Other studies have found that hospital nurses are more likely to leave important patient care undone when their hospitals are understaffed and unsafe. Such “missed care” is a predictor of worse care quality, more adverse events, and lower patient satisfaction. Studies on the relationship between nurse burnout and safety suggest that nurses who work in “supportive work environments” may be better able to ensure safe care, the study said.

Nursing homes have not been studied as much, White said.

In her study, about half of all the nurses and 77% of those with burnout said they had left work without comforting or talking with patients. Only 4% said they had failed to do pain management.

The most common reasons for job dissatisfaction were tuition and retirement benefits, although close to half the nurses were unhappy with their pay.

White said that financially strapped nursing homes could improve the work environment for nurses even without hiring.
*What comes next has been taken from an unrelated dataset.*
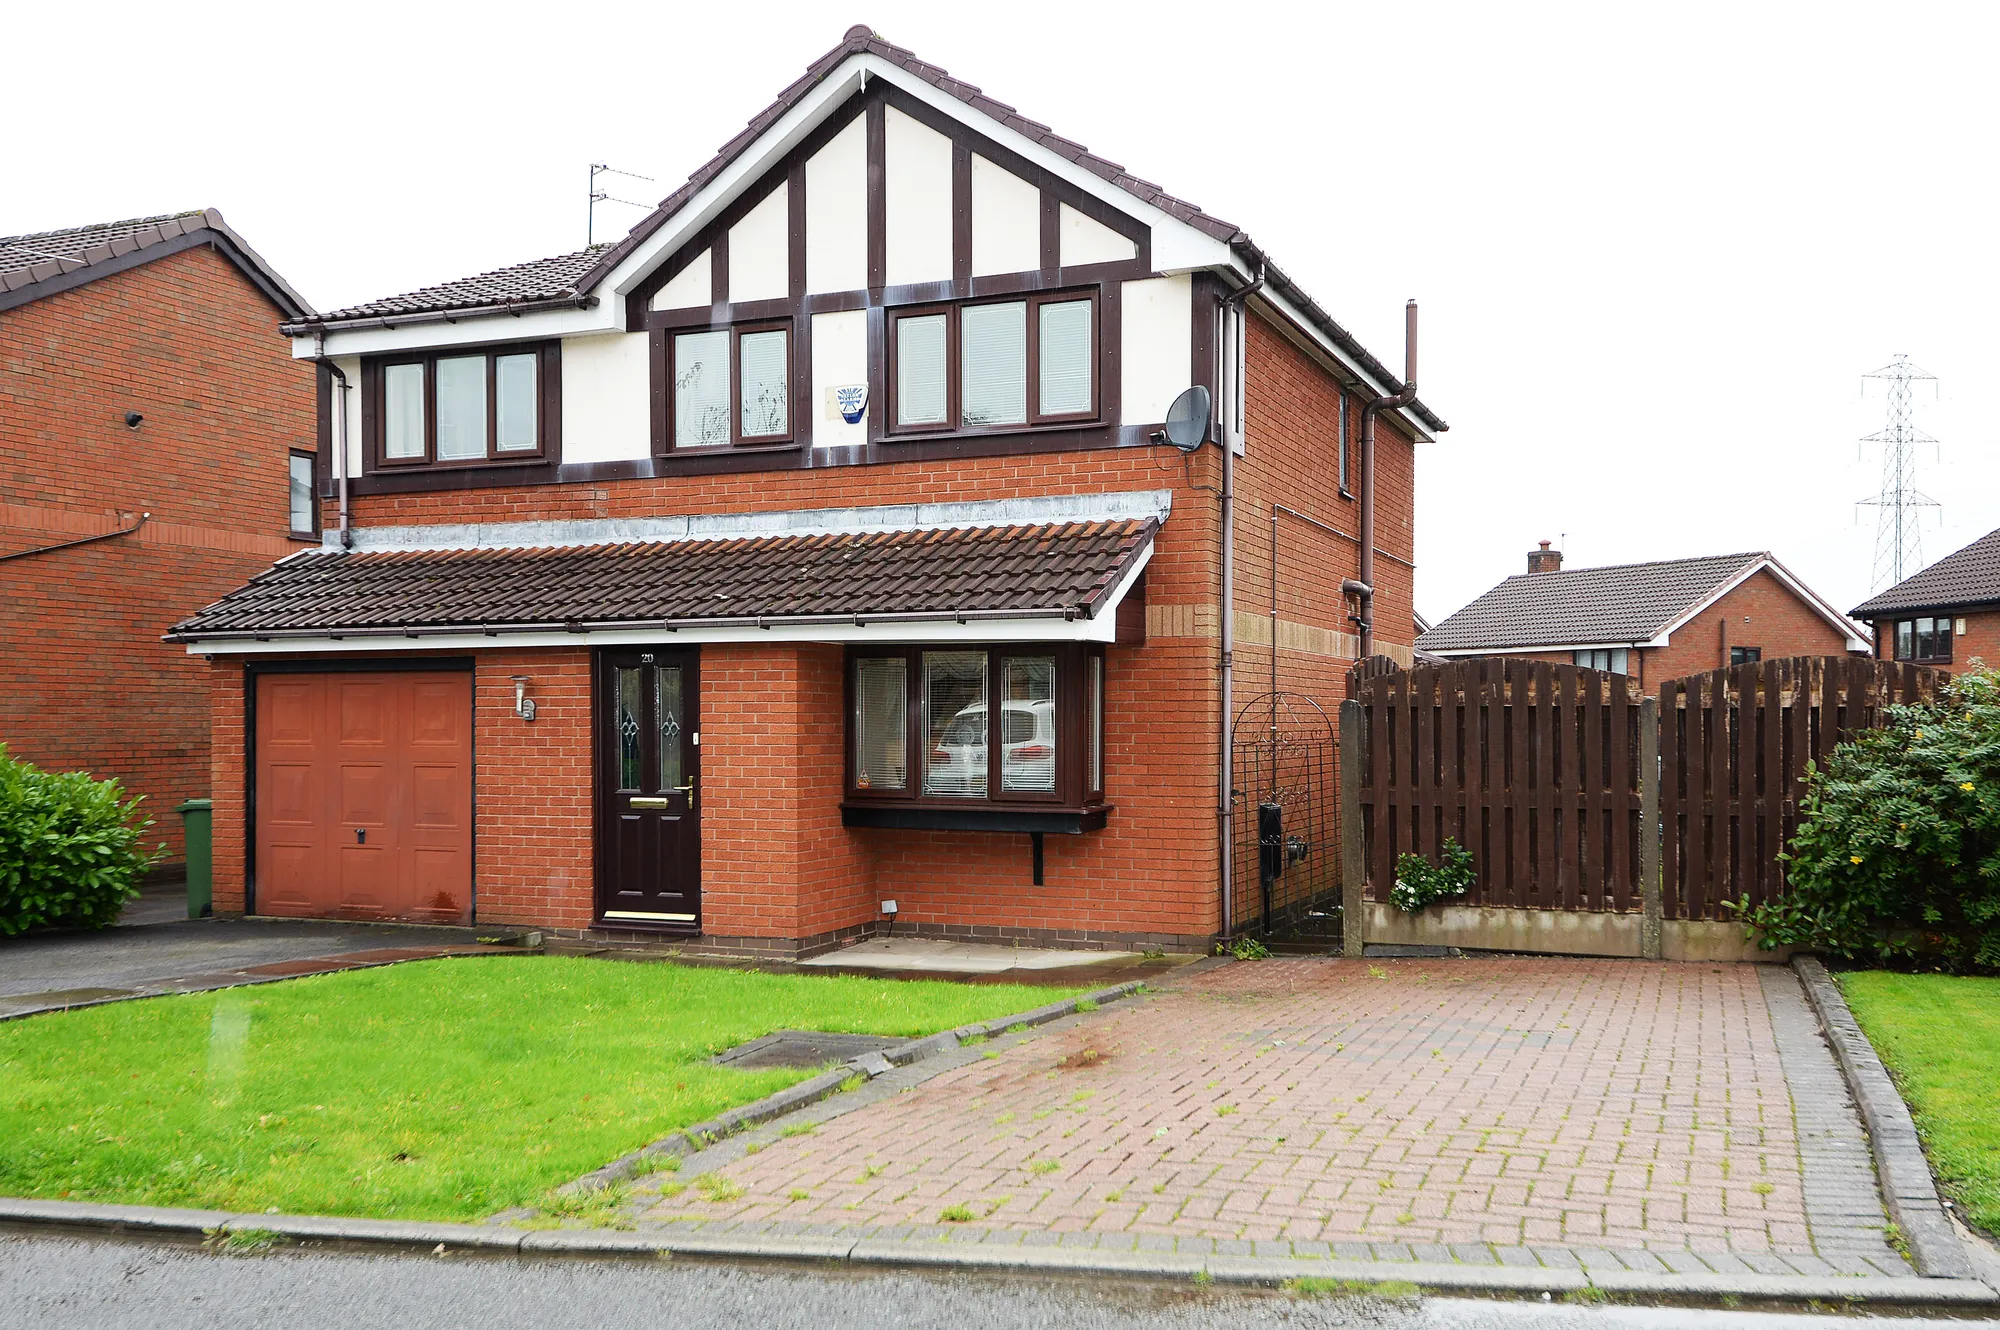 4 bed detached house for sale in Belfairs Close, Ashton-Under-Lyne - Property Image 1

Establishing a culture that searches for the root causes of systemic problems rather than one that seeks to punish individuals could lead to more efficient and effective care. Asking nurses for input could also identify problems and improve employee engagement. Nurses also wanted more opportunities for advancement. "It's not just about staffing," she said.

Even so, the report points out that, in the long run, the cost of better staffing levels, salaries, and benefits might balance out the cost of high turnover, lower productivity, and more frequent training.